= Pseudospectrum =

In mathematics, the pseudospectrum of an operator is a set containing the spectrum of the operator and the numbers that are "almost" eigenvalues. Knowledge of the pseudospectrum can be particularly useful for understanding non-normal operators and their eigenfunctions.

The ε-pseudospectrum of a matrix A consists of all eigenvalues of matrices which are ε-close to A:
$\Lambda_\epsilon(A) = \{\lambda \in \mathbb{C} \mid \exists x \in \mathbb{C}^n \setminus \{0\}, \exists E \in \mathbb{C}^{n \times n} \colon (A+E)x = \lambda x, \|E\| \leq \epsilon \}.$

Numerical algorithms which calculate the eigenvalues of a matrix give only approximate results due to rounding and other errors. These errors can be described with the matrix E.

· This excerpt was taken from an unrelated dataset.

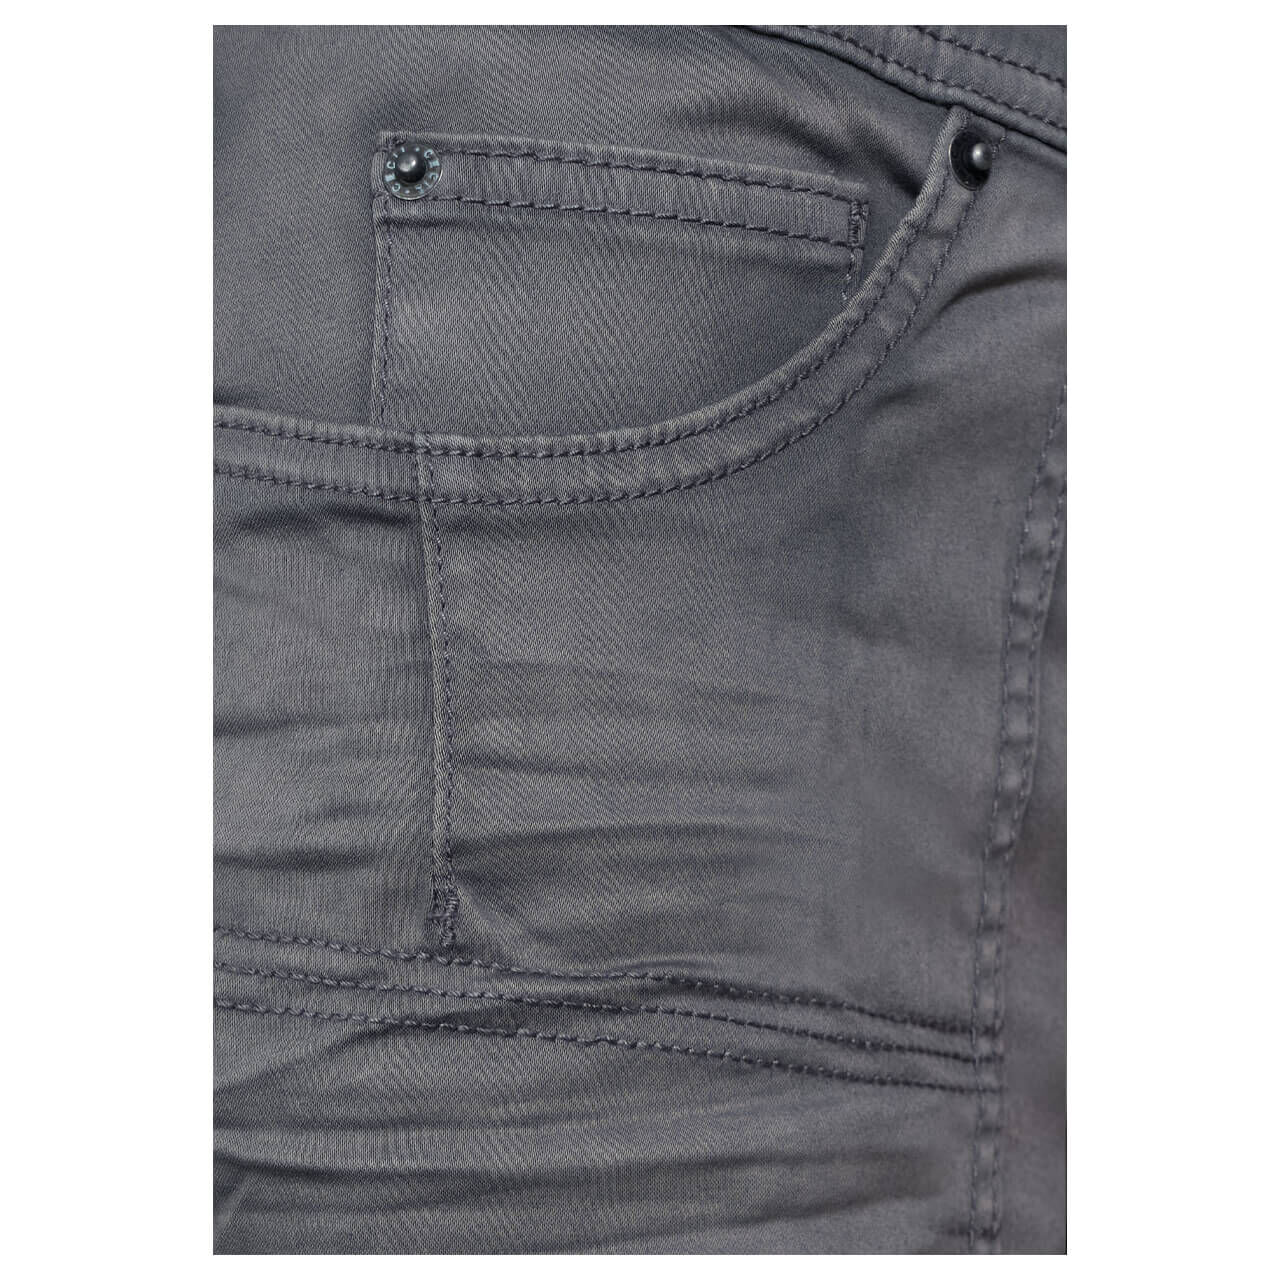 Cecil New York Baumwoll Shorts für Damen in Grau, FarbNr.: 10498

More generally, for Banach spaces $X,Y$ and operators $A: X \to Y$ , one can define the $\epsilon$-pseudospectrum of $A$ (typically denoted by $\text{sp}_{\epsilon}(A)$) in the following way
$\text{sp}_{\epsilon}(A) = \{\lambda \in \mathbb{C} \mid \|(A-\lambda I)^{-1}\| \geq 1/\epsilon \}.$
where we use the convention that $\|(A-\lambda I)^{-1}\| = \infty$ if $A - \lambda I$ is not invertible.

== Bibliography ==
- Lloyd N. Trefethen and Mark Embree: "Spectra And Pseudospectra: The Behavior of Nonnormal Matrices And Operators", Princeton Univ. Press, ISBN 978-0691119465 (2005).